Daniel LeBlanc "settled on the north bank of the Port-Royal River (today the Annapolis River), to the northeast of the marsh at Bélisle, about nine miles above the fort at Port-Royal, and a half mile below the chapel of Saint-Laurent, where he died between the years 1693-1698."

Daniel LeBlanc's farm was alongside the Gesner Creek, where it enters into the River. Here are some photos of the site as viewed from Route 1.

And here's a picture I took later in the day from across the river (from a spot about a kilometer west of the Inglis Farm and fruit-stand which marks the location of the Girouard village).
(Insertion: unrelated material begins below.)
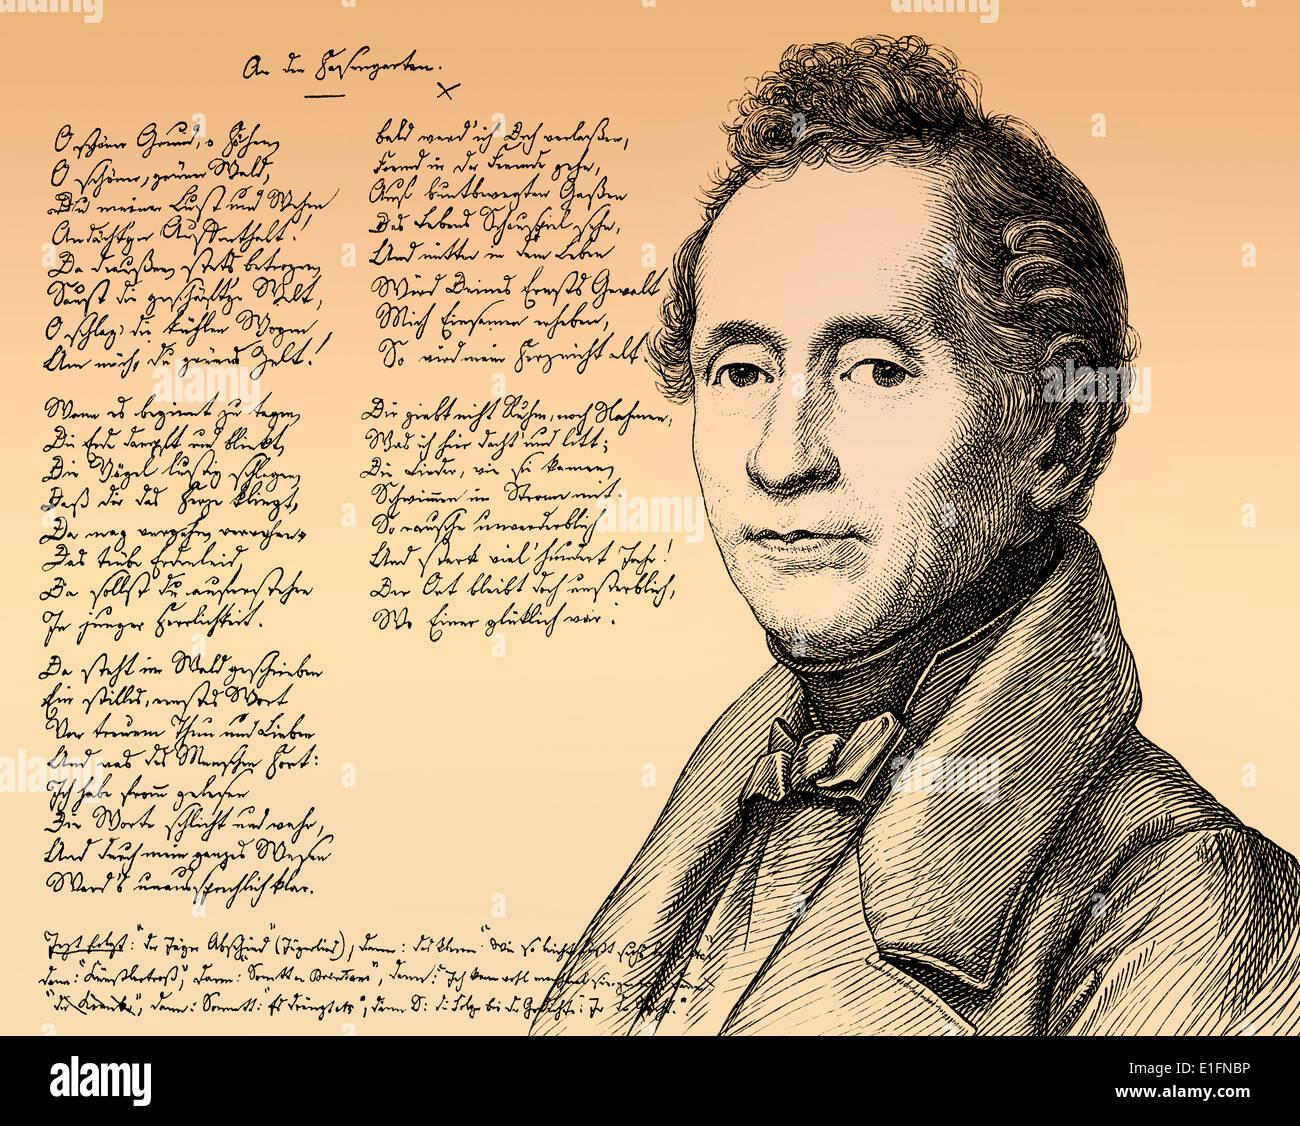 Abschied, handwritten Poem by Joseph Karl Benedikt Freiherr von Eichendorff, 1788 - 1857, a poet and writer of German Romanticis - Stock Image

Champlain's first settlement, established in 1605, is commemorated at the reconstructed Port-Royal at the mouth of the Annapolis basin. The wooden "Habitation" stood until 1613, when it was burned by Virginians. The Habitation was reconstructed by the Canadian government in 1939, based on drawings in Champlain's own hand.

One of the things that struck me about the reconstruction was the presence in each bedroom/bunkroom of a crucifix and a prie-dieu. As we view a small chapel in the corner, a woman comes in, turns a little red, and says she lost her glasses, and if they aren't there, at least she can say a prayer. While saying this, she kneels at the altar rail, and makes the sign of the cross. I say, "St. Anthony, help us." She flashes a big smile.

Walking around the outside we met Wayne Melanson, and after taking his photo at the entrance, we introduced ourselves and said we were told we should talk to him. He lit up at the names I mentioned of folks who had recommended him, and we stood in the shade of a tree enjoying the breeze and chatted for quite some time. He's dressed in typical 17th-century Acadian attire, including wooden shoes (the archaeologists at Grand-Pré found a pair, well-preserved by the mud despite the passing of 250 years). He gave my kids a quick run down of Acadian history, as well as the relationships between the Acadians and the Micmac or M'ikmaq Indians (which, I learned, is pronounced "mig-muh").

 

He pointed out the general area of the Melanson Settlement, about a kilometer away, behind a dike that we could see from where we stood. We're both descended from Charles Melanson, which would make us, oh, about 10th cousins. He's also descended from the LeBlancs.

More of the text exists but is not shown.